Oil&Gas Materials 23 August 2007 19:48 (UTC +04:00)

Azerbaijan, Baku / Тrend corr A. Badalova / Foreign experts forecast a consensus on Caspian Sea's status will not be achieved on the Summit of Caspian Sea's Littoral Countries to be held in Teheran on 16 October.

"Adoption of a resolution will take a plenty of time," a British expert, the editor of the Nefte Compass, Michael Ritchie, said on 23 August.

The summit in Teheran will be the second. During the first summit in Ashgabat in April 2002 the Presidents agreed to hold such meetings annually. However, a regularly summit has not been held yet so far. During this period Iran, Azerbaijan, and Turkmenistan changed their presidents.

" Turkmenistan and Iran are not likely to change their positions regarding the status of the Caspian Sea," he said.

Ritchie believes that change of administration in Turkmenistan is a good opportunity to achieve an agreement with other countries, namely Azerbaijan, Russia, and Kazakhstan.
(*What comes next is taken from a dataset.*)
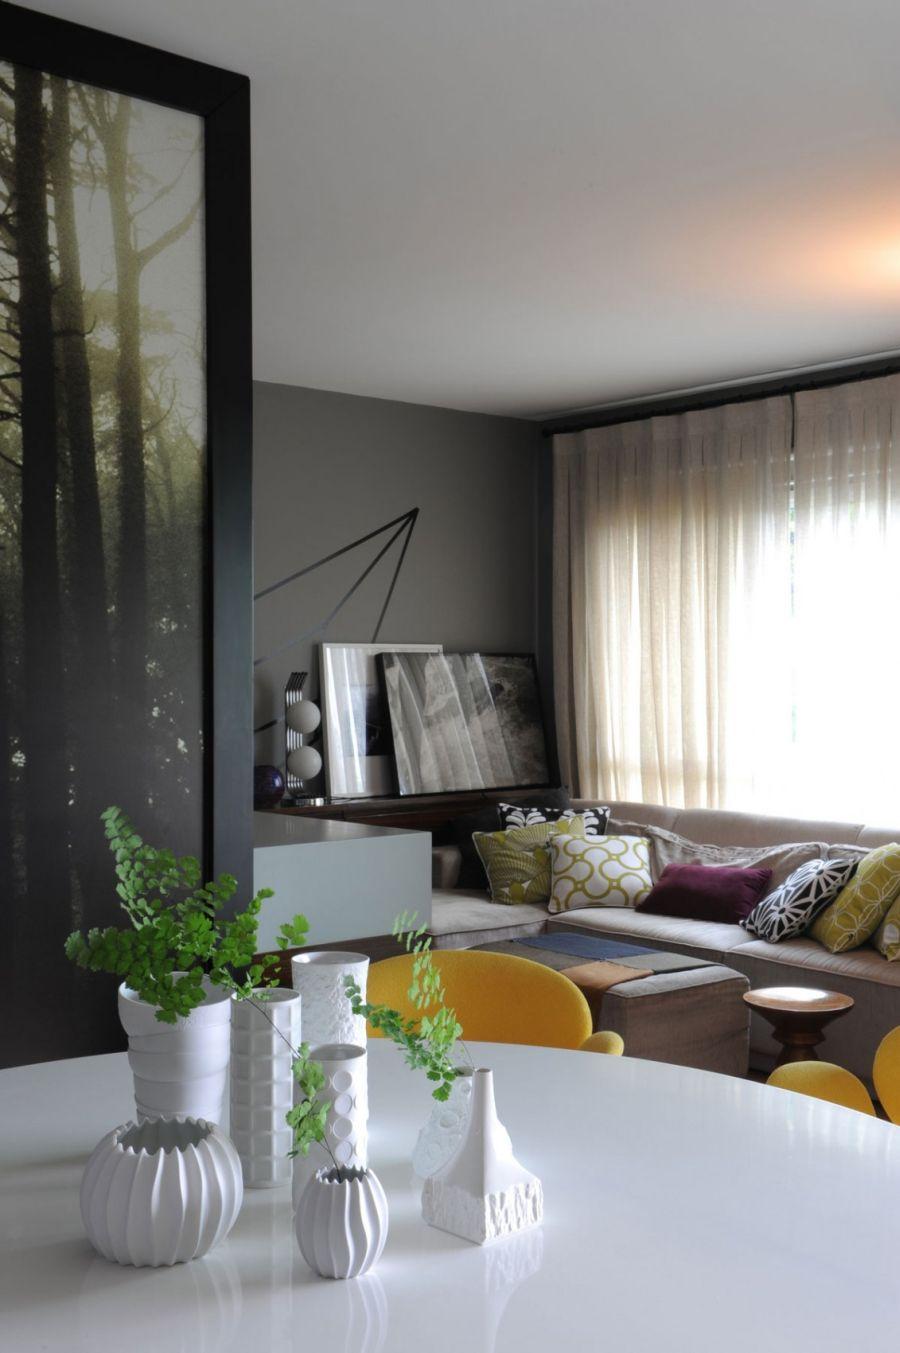 Gray walls make a lovely backdrop
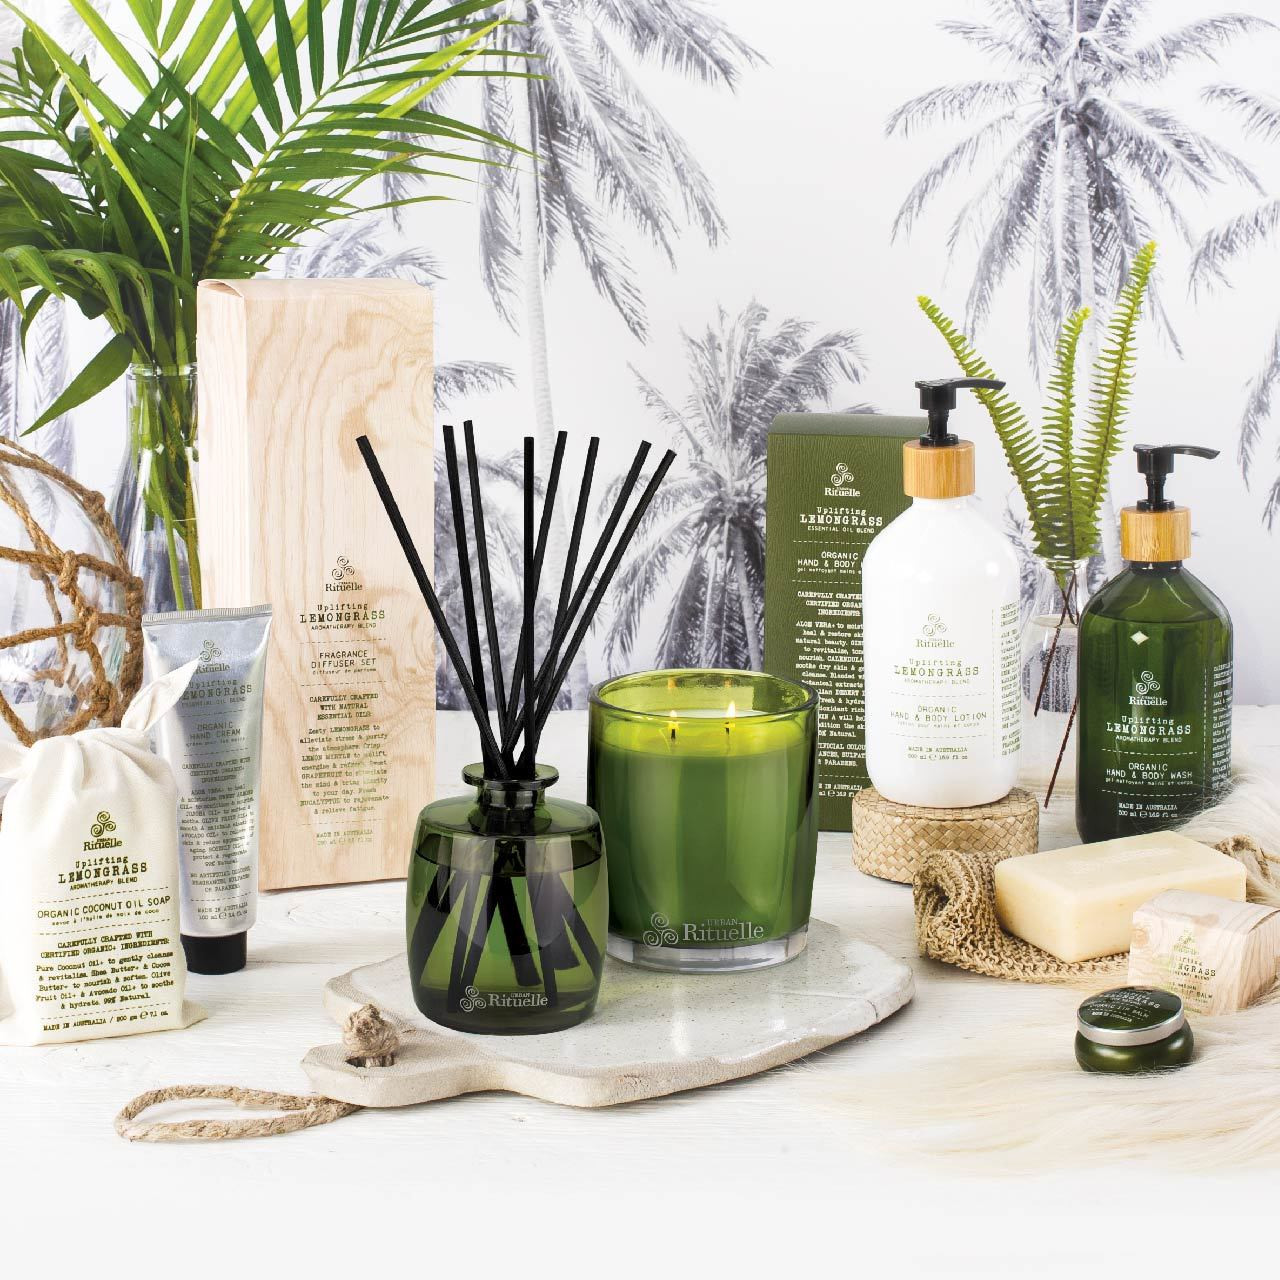 Flourish Organics - Lemongrass - Urban Rituelle

But the process will be very slow," he said.

Before the USSR collapsed the Caspian Sea's legal status was based on Soviet-Iranian agreements of 1921 and 1940. Now, lack of the parameters of delimitation of oil and gas prospective fields among the littoral countries resulted in the necessity of a new status of the sea based on a consensus among the all five littoral countries ( Azerbaijan, Russia, Turkmenistan, Kazakhstan, and Iran).